──────── Recorded data

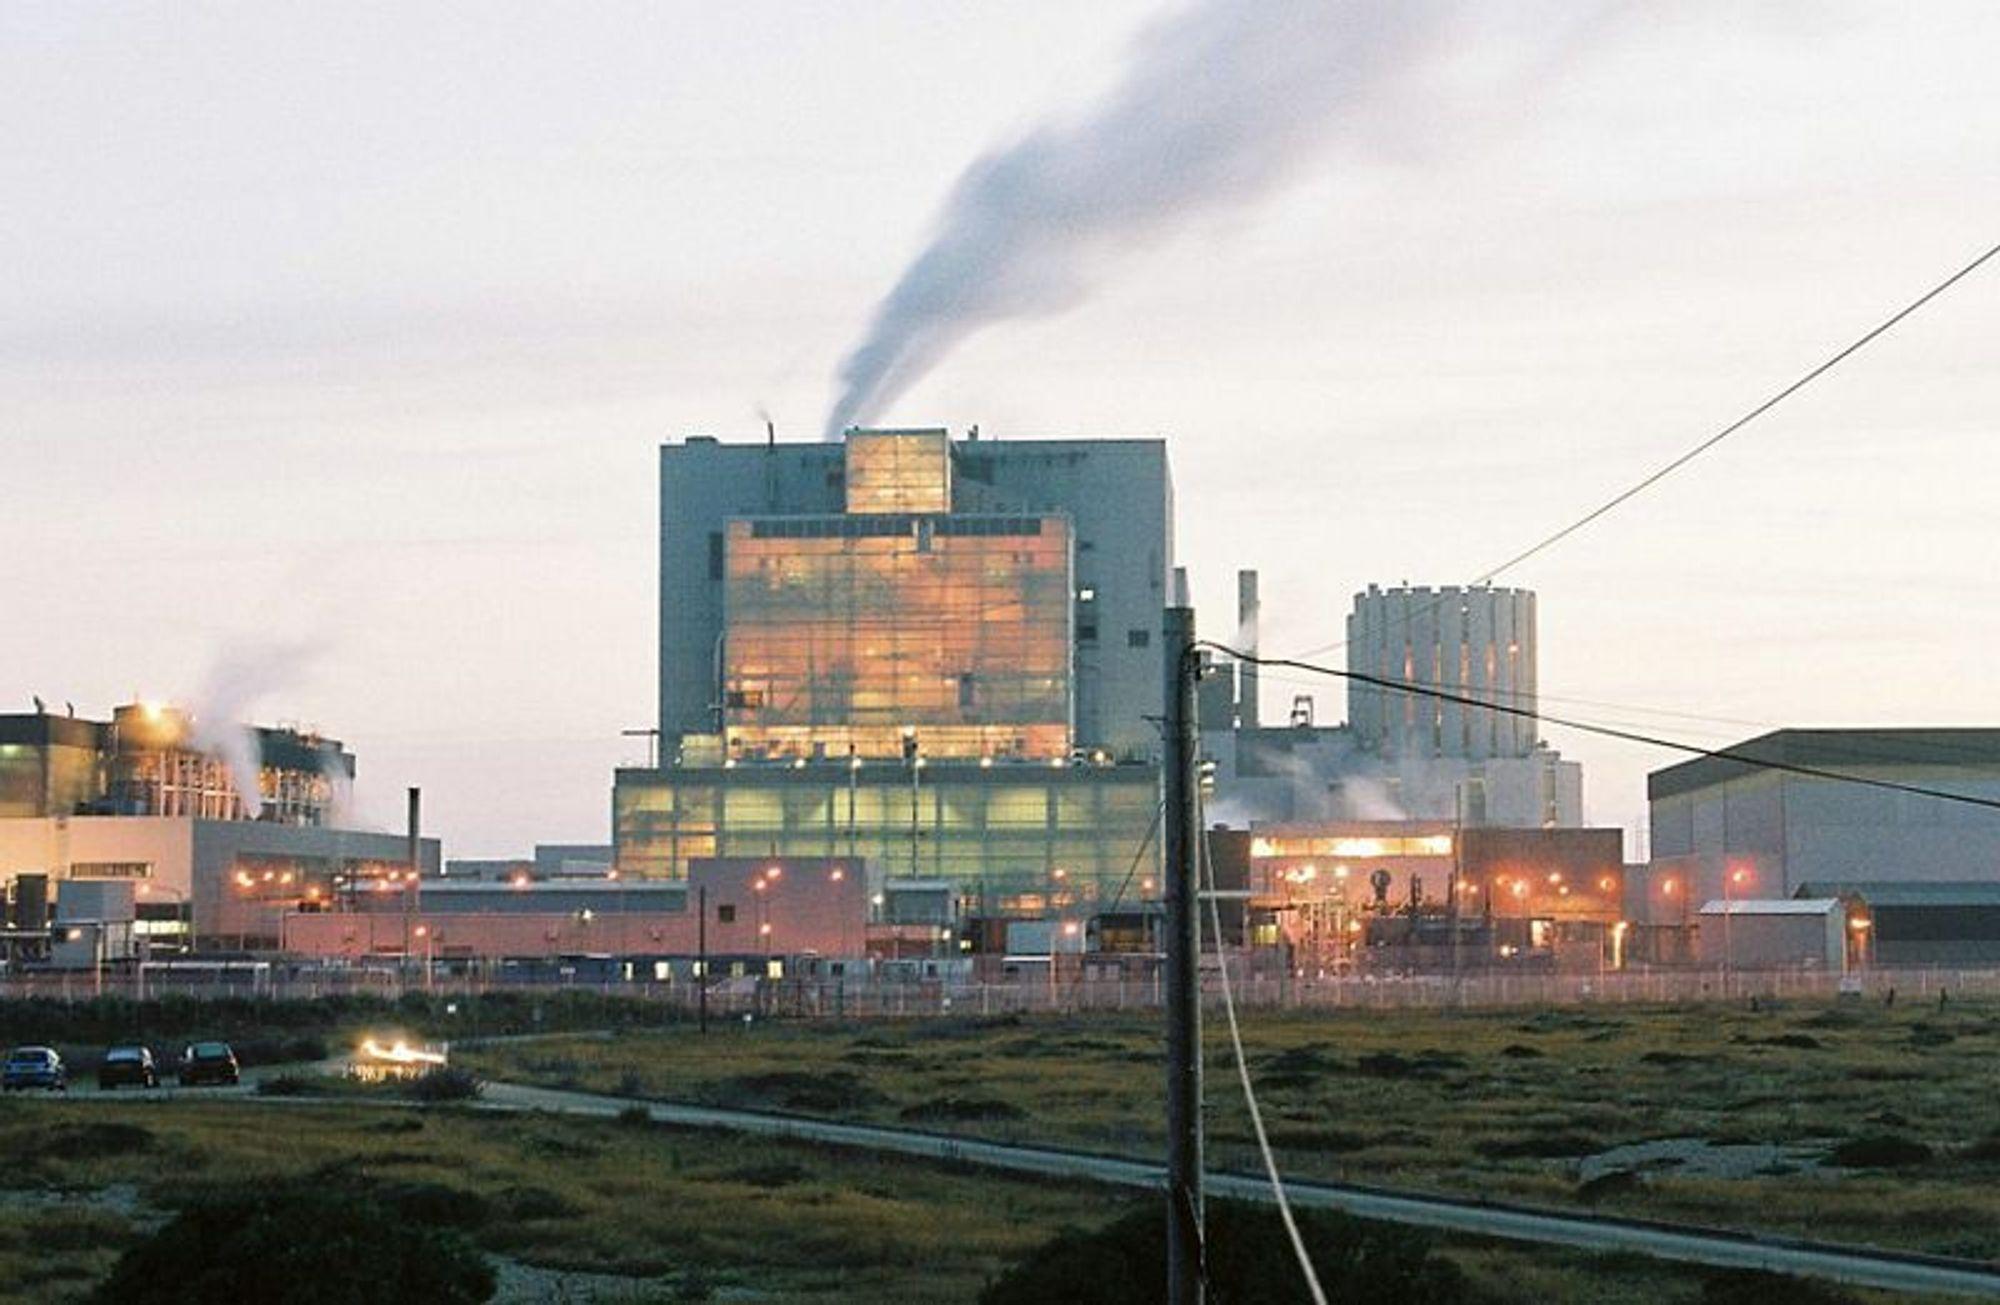 MER KJERNEKRAFT: Atomkraftverket Dunggeness A i Storbritannia ble stengt i 2006 og skal demonteres. Men britiske ingeniører vil ha 30 nye atomkraftverk for å skaffe mer CO2-fri energi.
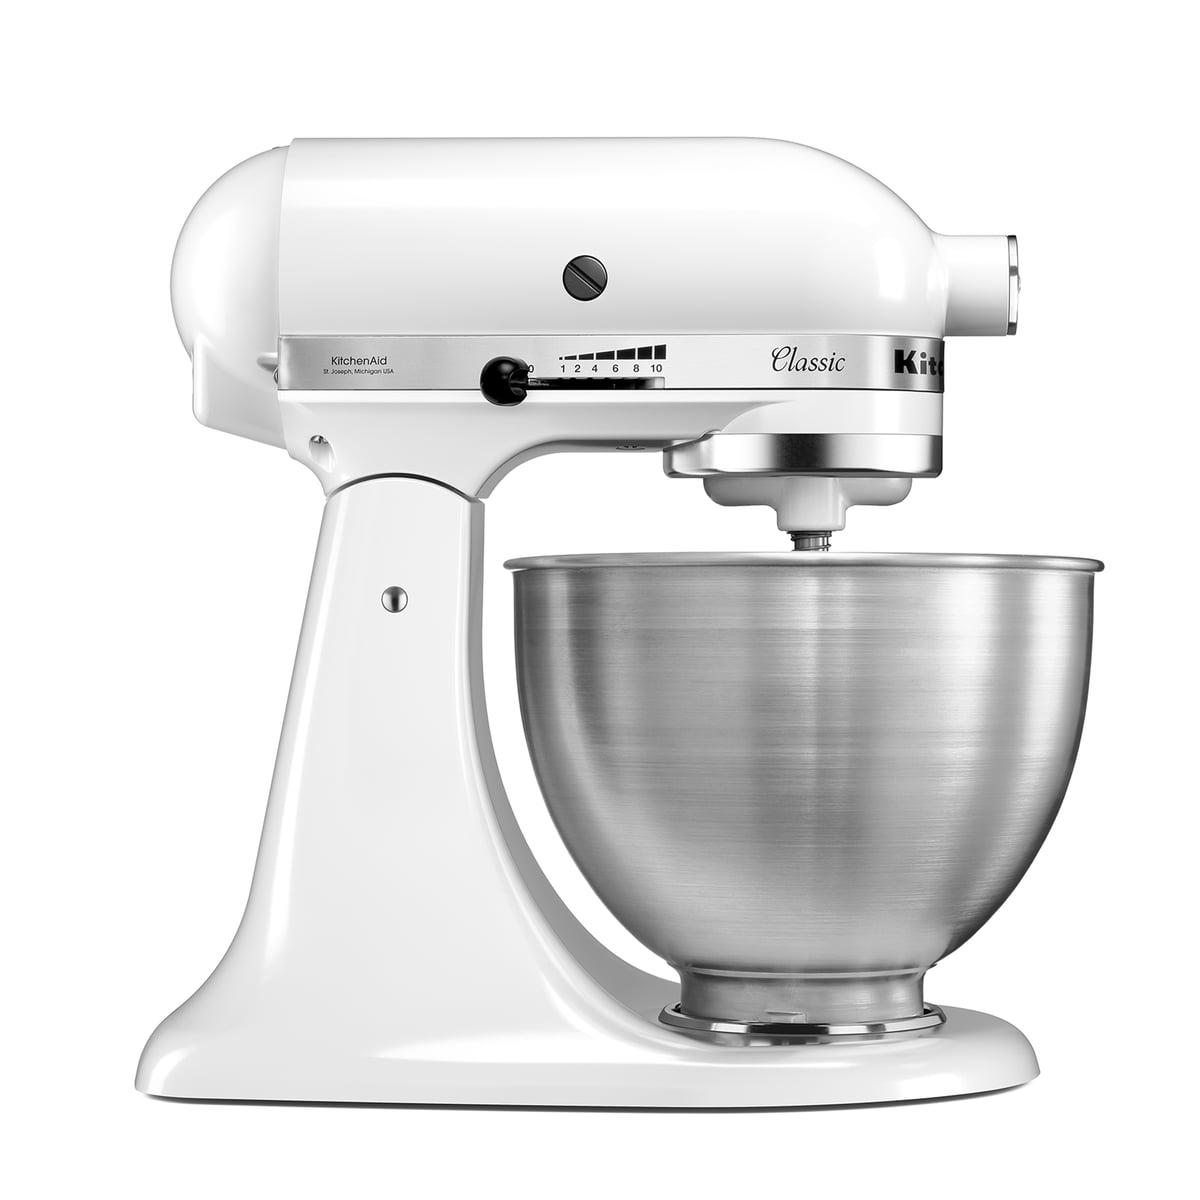 Kitchen Aid KitchenAid - Classic Küchenmaschine 4.3 l, weiß | Küche und Esszimmer > Küchengeräte | Weiß | Ganzmetallgehäuse | Kitchen Aid
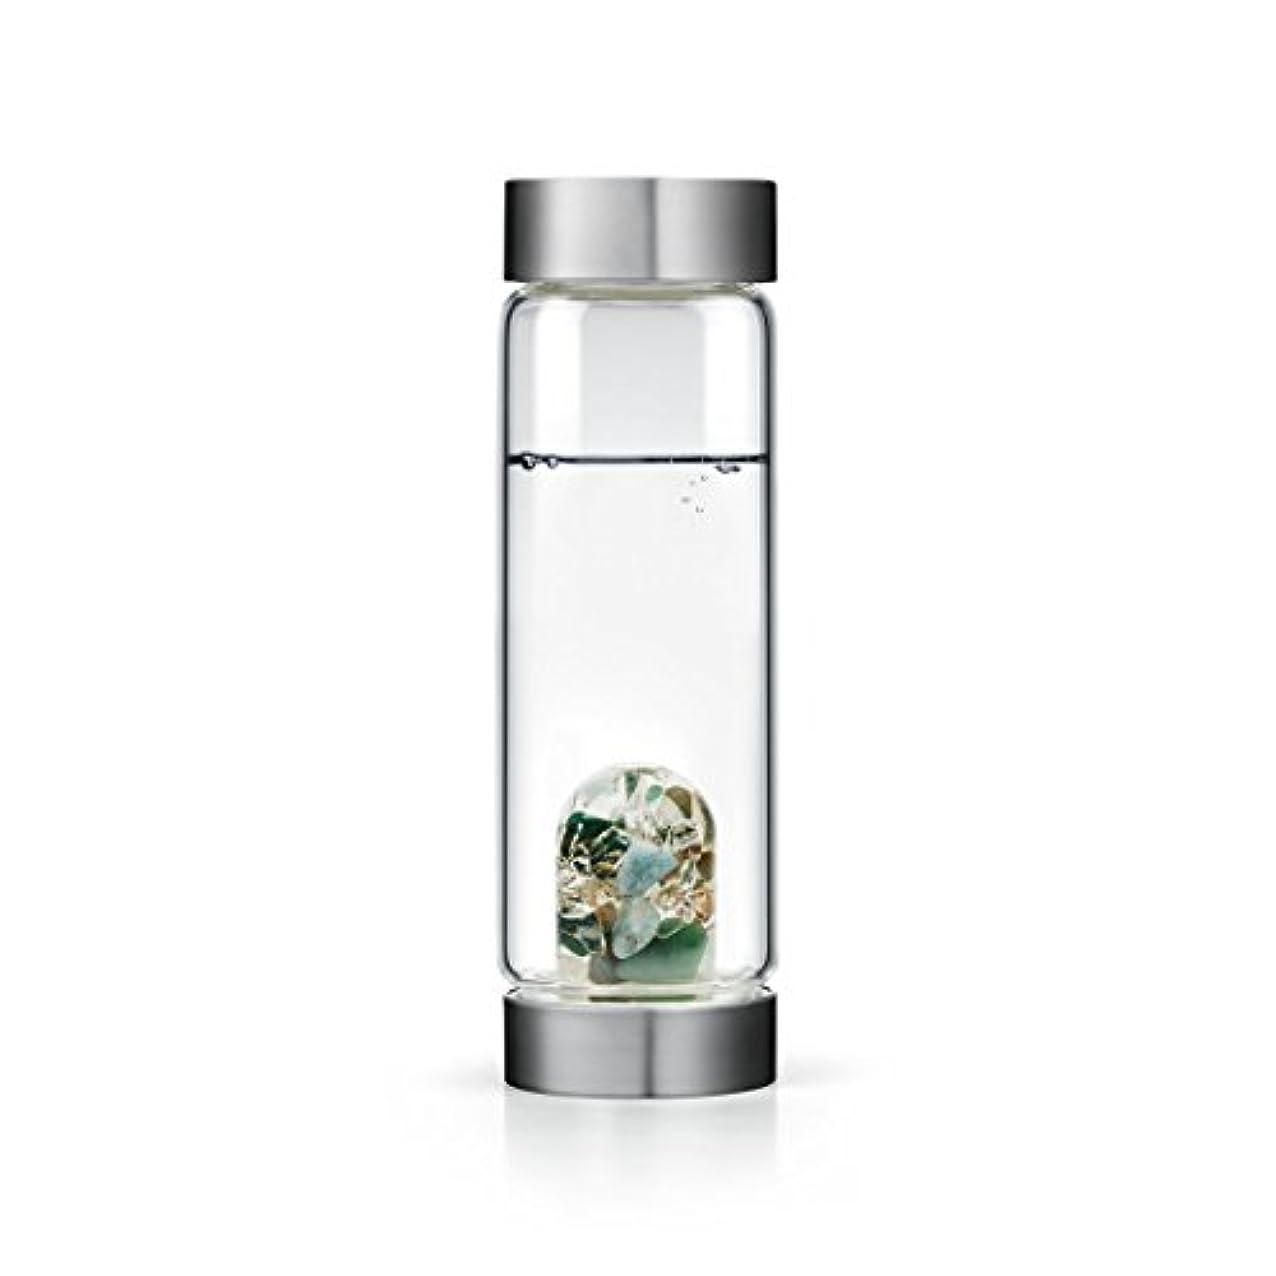 効果的まあ注釈Forever Young gem-waterボトルby VitaJuwel W / Freeカリフォルニアホワイトセージバンドル 16.9 fl oz
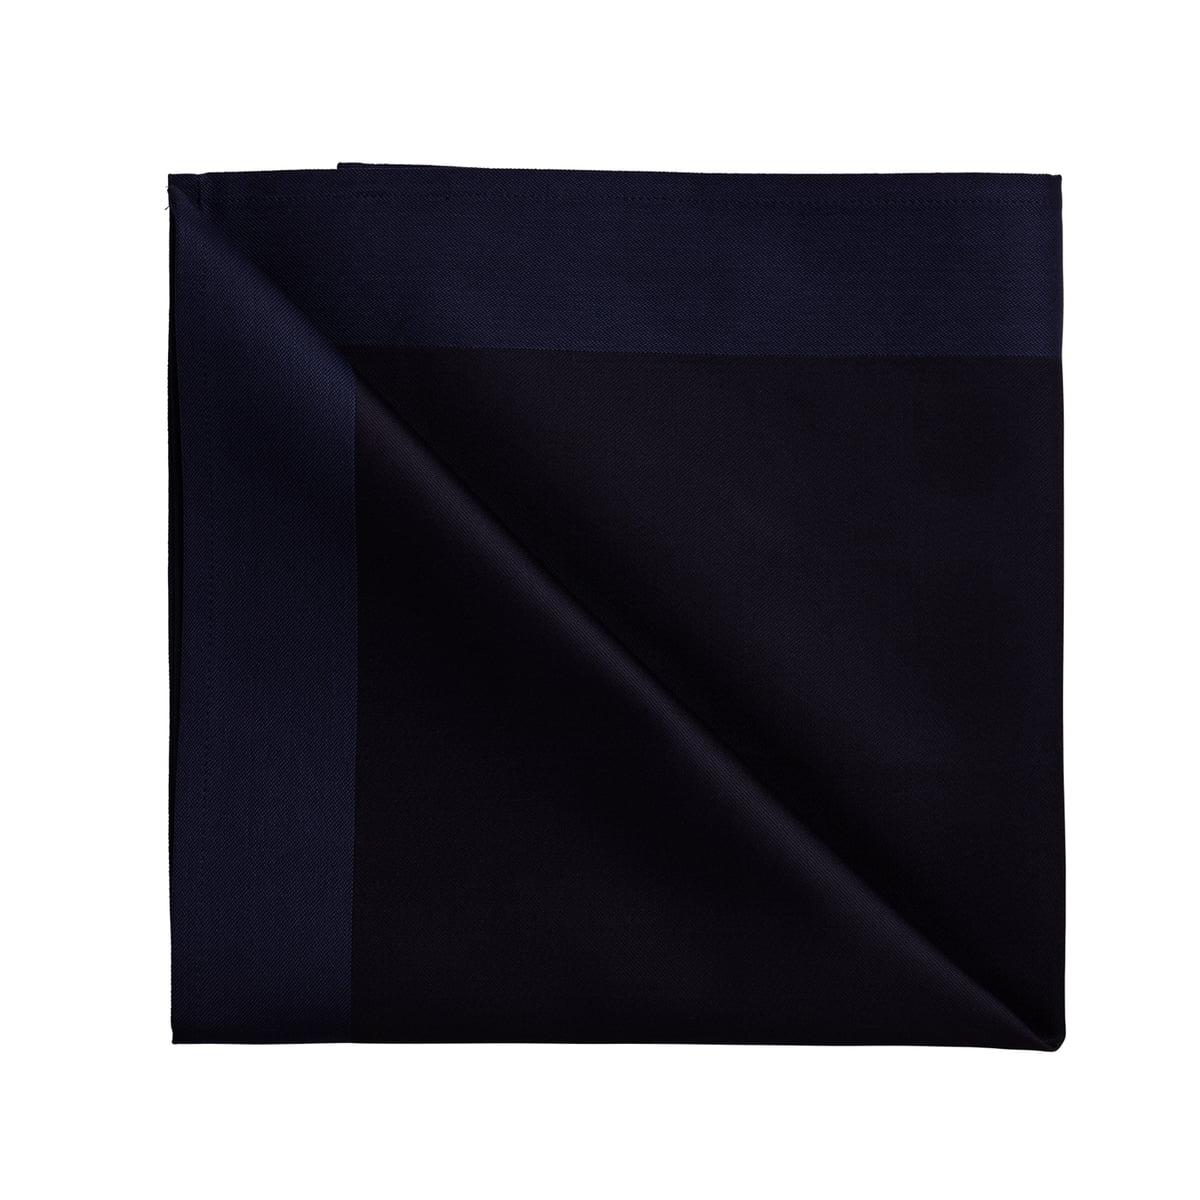 Georg Jensen Damask - Damask Stoffservietten, 50 x 50 cm / blue abyss | Heimtextilien > Tischdecken und Co > Servietten | Dunkelblau | Georg Jensen Damask

────────────────

* [What is needed] Reproduce, exactly and with no pictures, the lines from the line containing "効果的まあ注釈Forever Young gem-waterボトルby" through the closing line of the data above, keeping both ends.

* [Response to this task]
 効果的まあ注釈Forever Young gem-waterボトルby VitaJuwel W / Freeカリフォルニアホワイトセージバンドル 16.9 fl oz
 Georg Jensen Damask - Damask Stoffservietten, 50 x 50 cm / blue abyss | Heimtextilien > Tischdecken und Co > Servietten | Dunkelblau | Georg Jensen Damask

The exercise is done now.